#### Problem statement:
Transcribe the listing below exactly, without pictures.

#### Provided data:
Start of Block
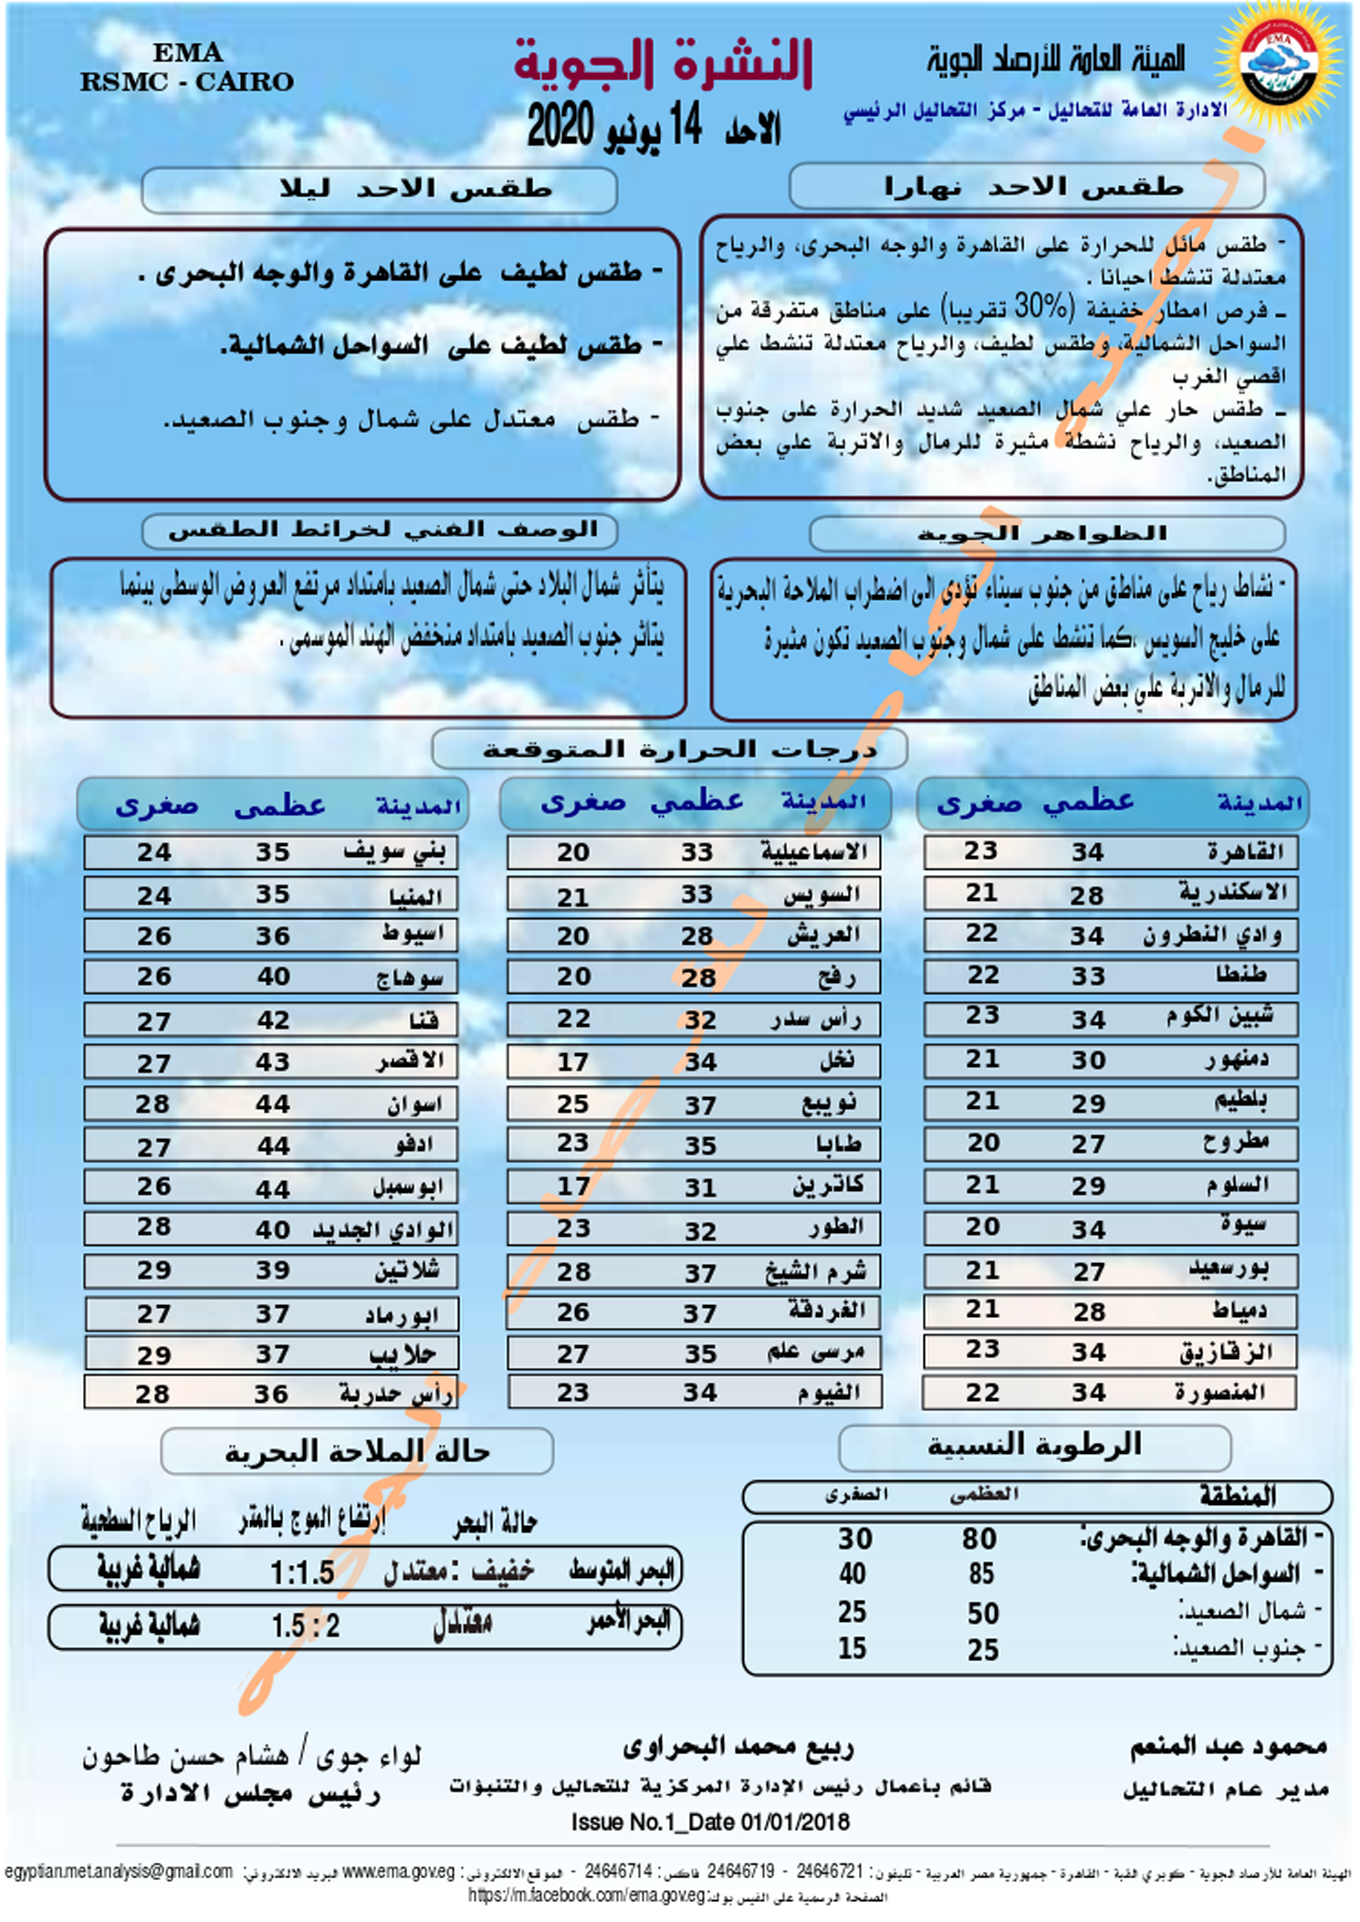 الأرصاد الجوية تعلن رسمياً عن حالة الطقس في مصر لمدة 6 ...
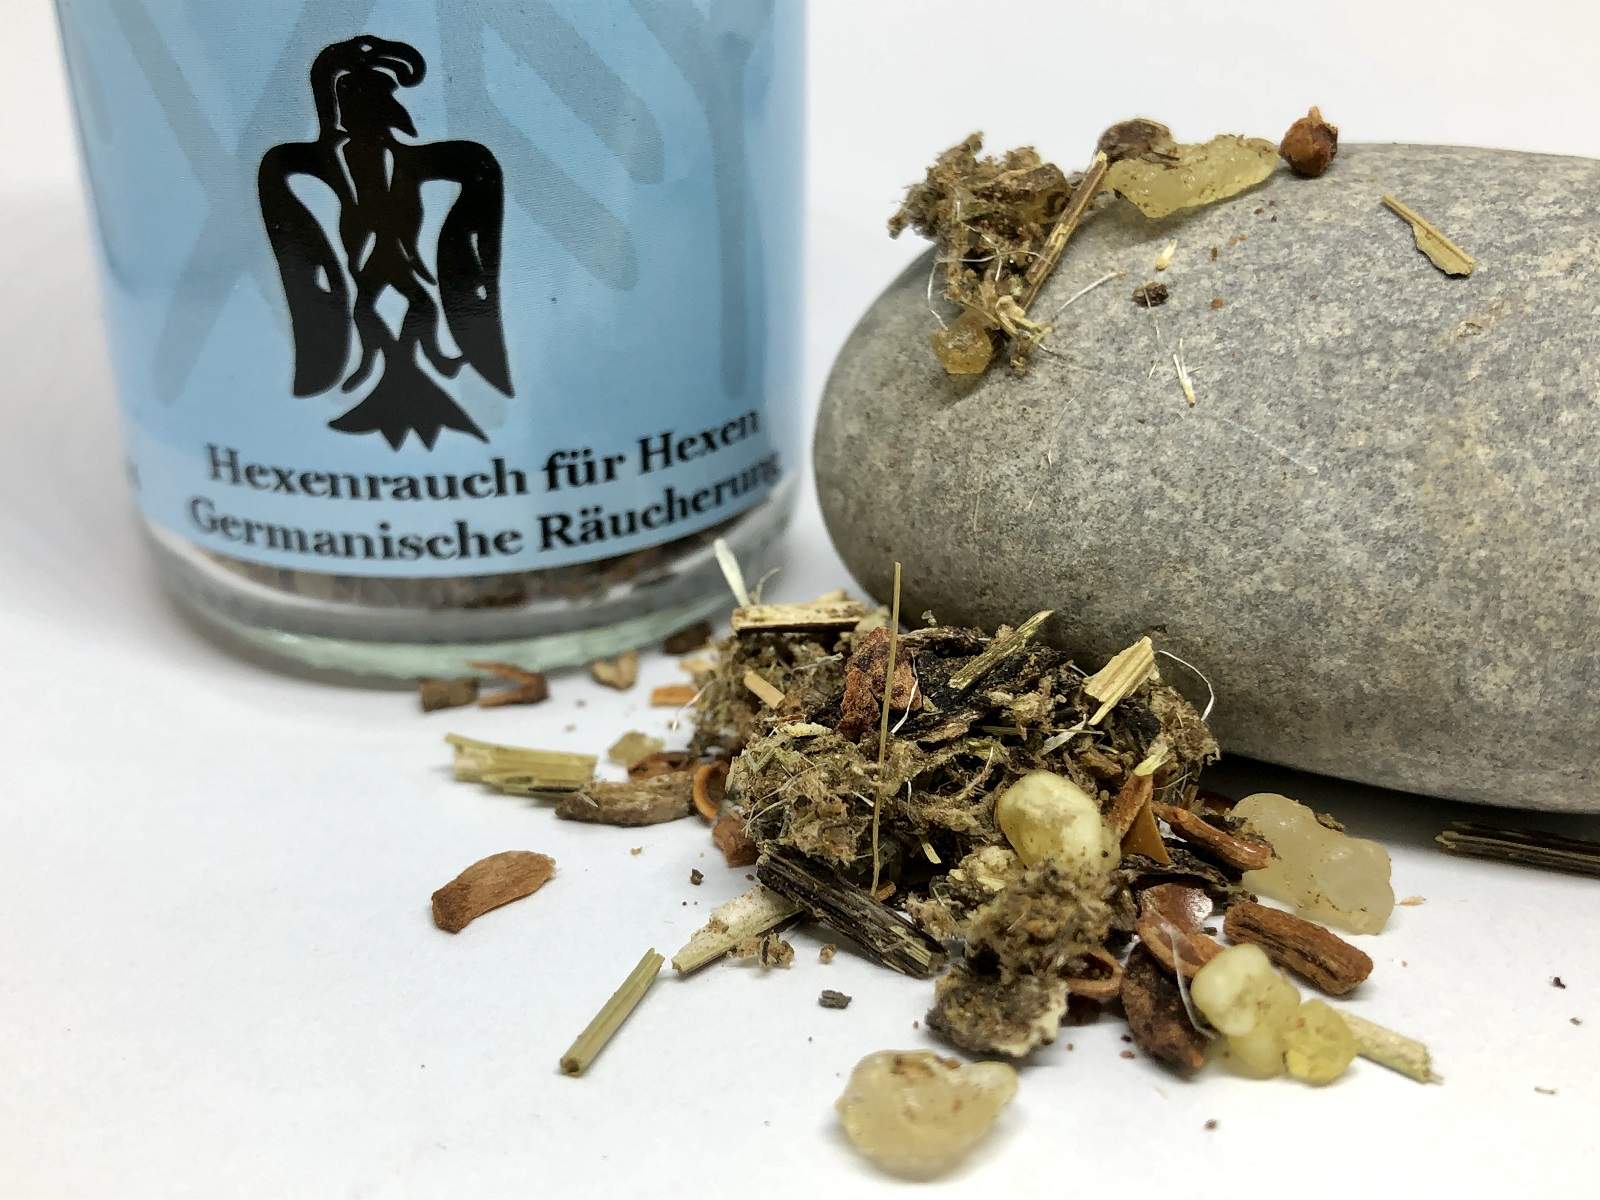 Hexenrauch für Hexen - Germanische Räucherung (60 ml)
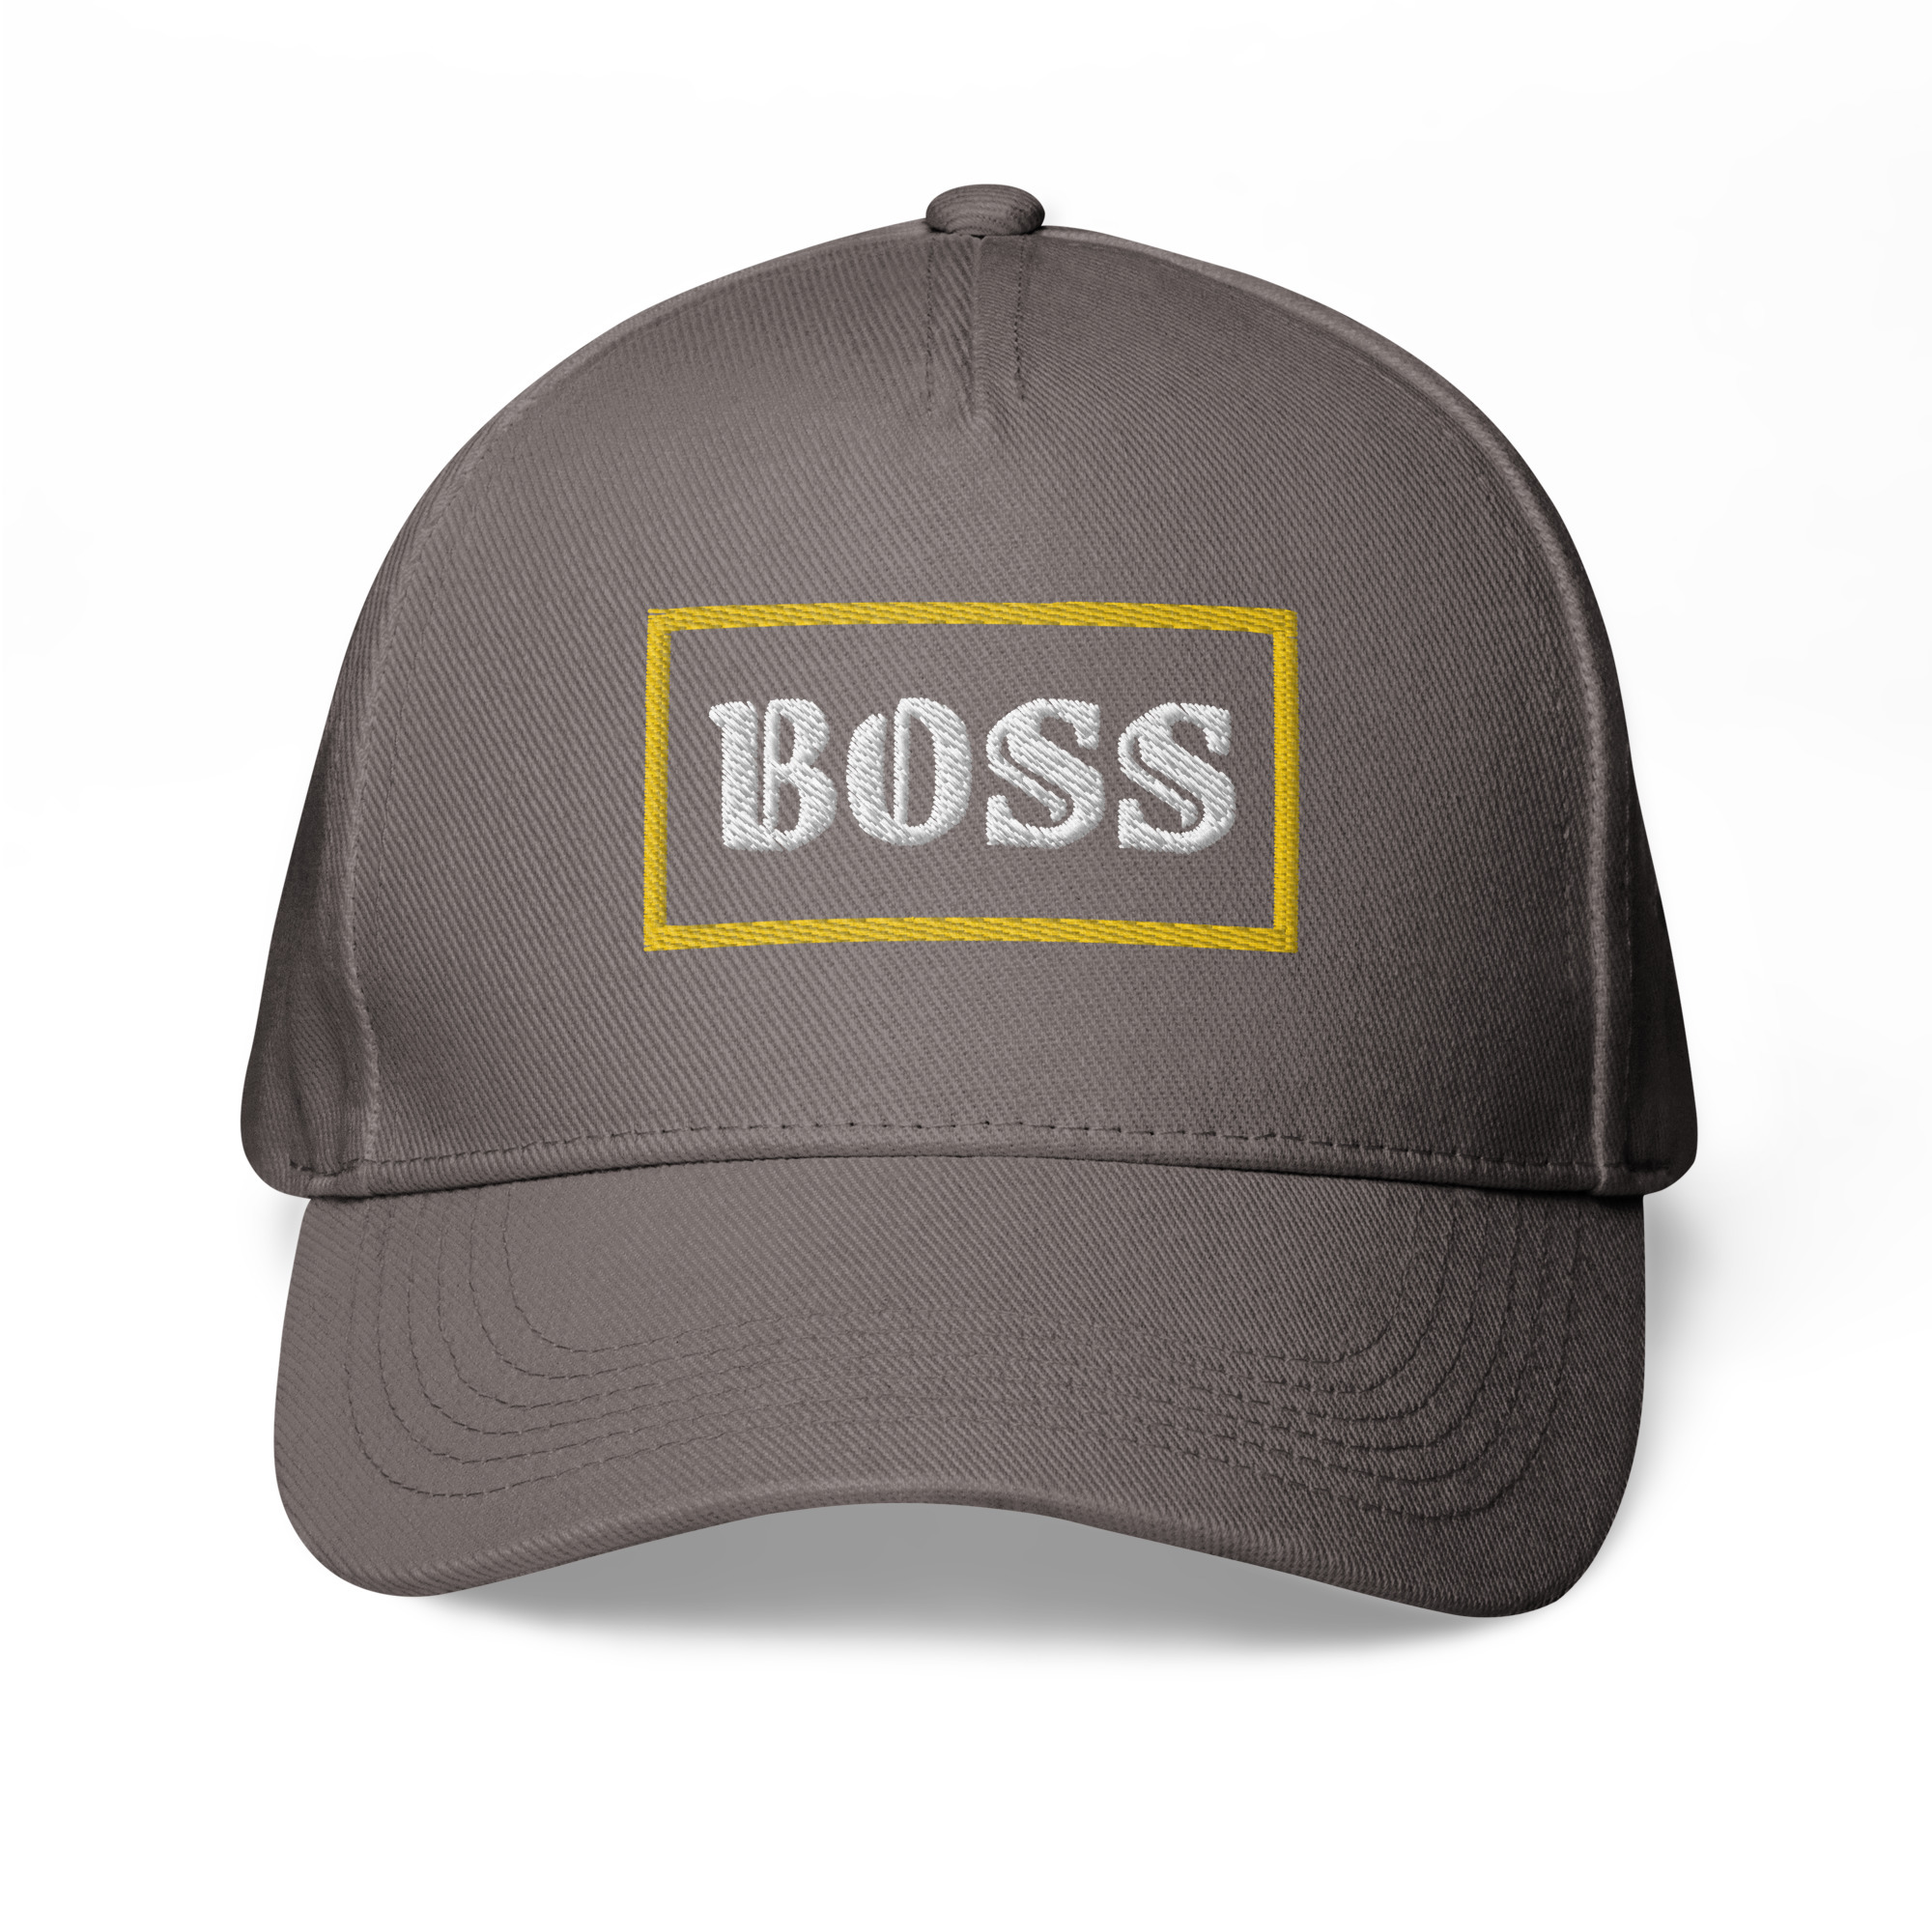 Boss on baseball Classic cap
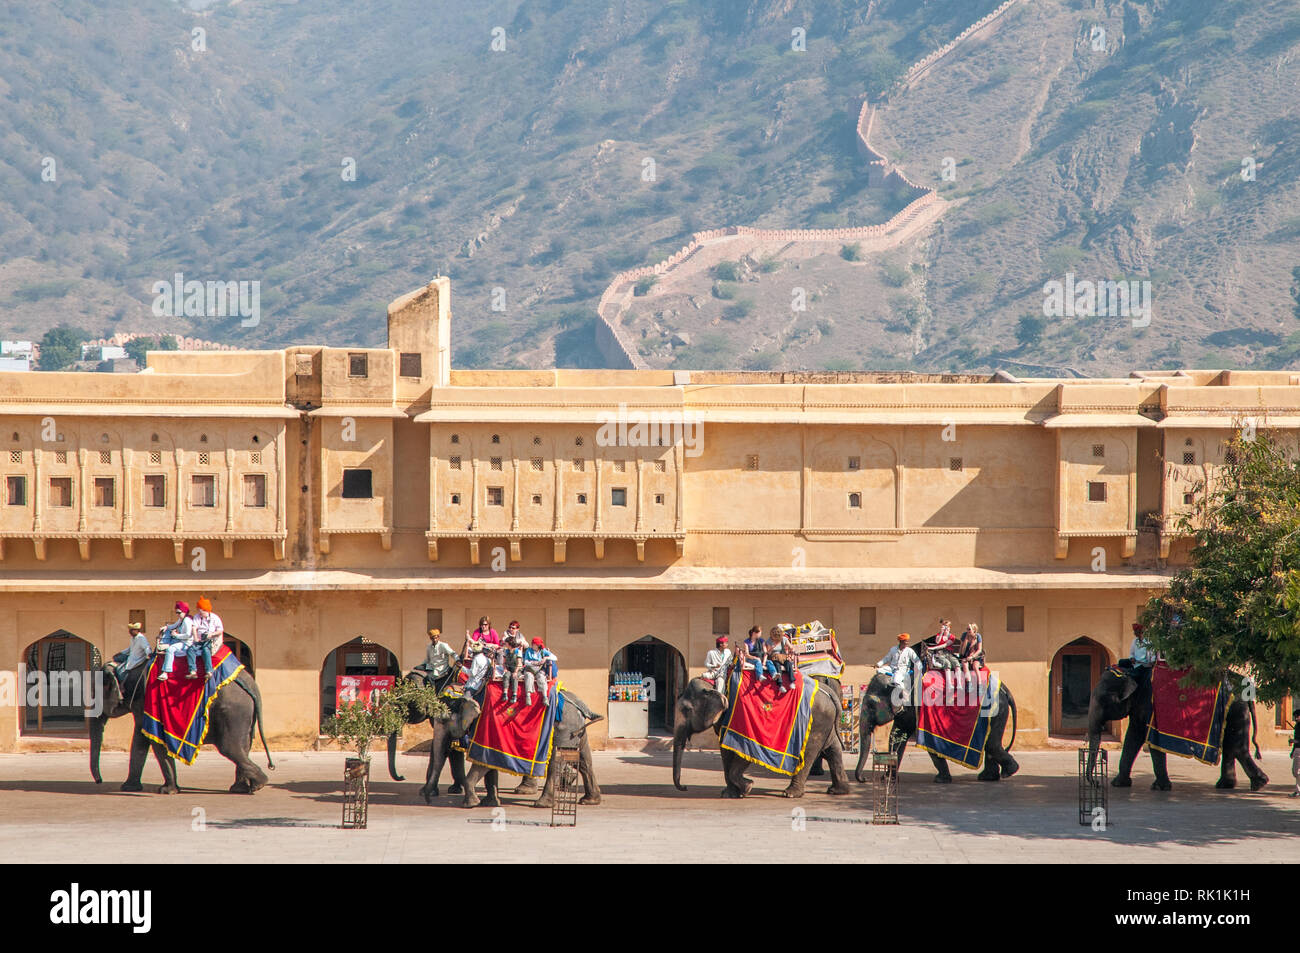 Bis zum Amber Fort auf Elephant. Amer Fort oder Amber Fort im Jahr 1592 abgeschlossen war die Residenz der Rajput Maharajas in Jaipur, Indien. Stockfoto
End of Block
#### Written response:
 الأرصاد الجوية تعلن رسمياً عن حالة الطقس في مصر لمدة 6 ...
 Hexenrauch für Hexen - Germanische Räucherung (60 ml)
 Boss on baseball Classic cap
 Bis zum Amber Fort auf Elephant. Amer Fort oder Amber Fort im Jahr 1592 abgeschlossen war die Residenz der Rajput Maharajas in Jaipur, Indien. Stockfoto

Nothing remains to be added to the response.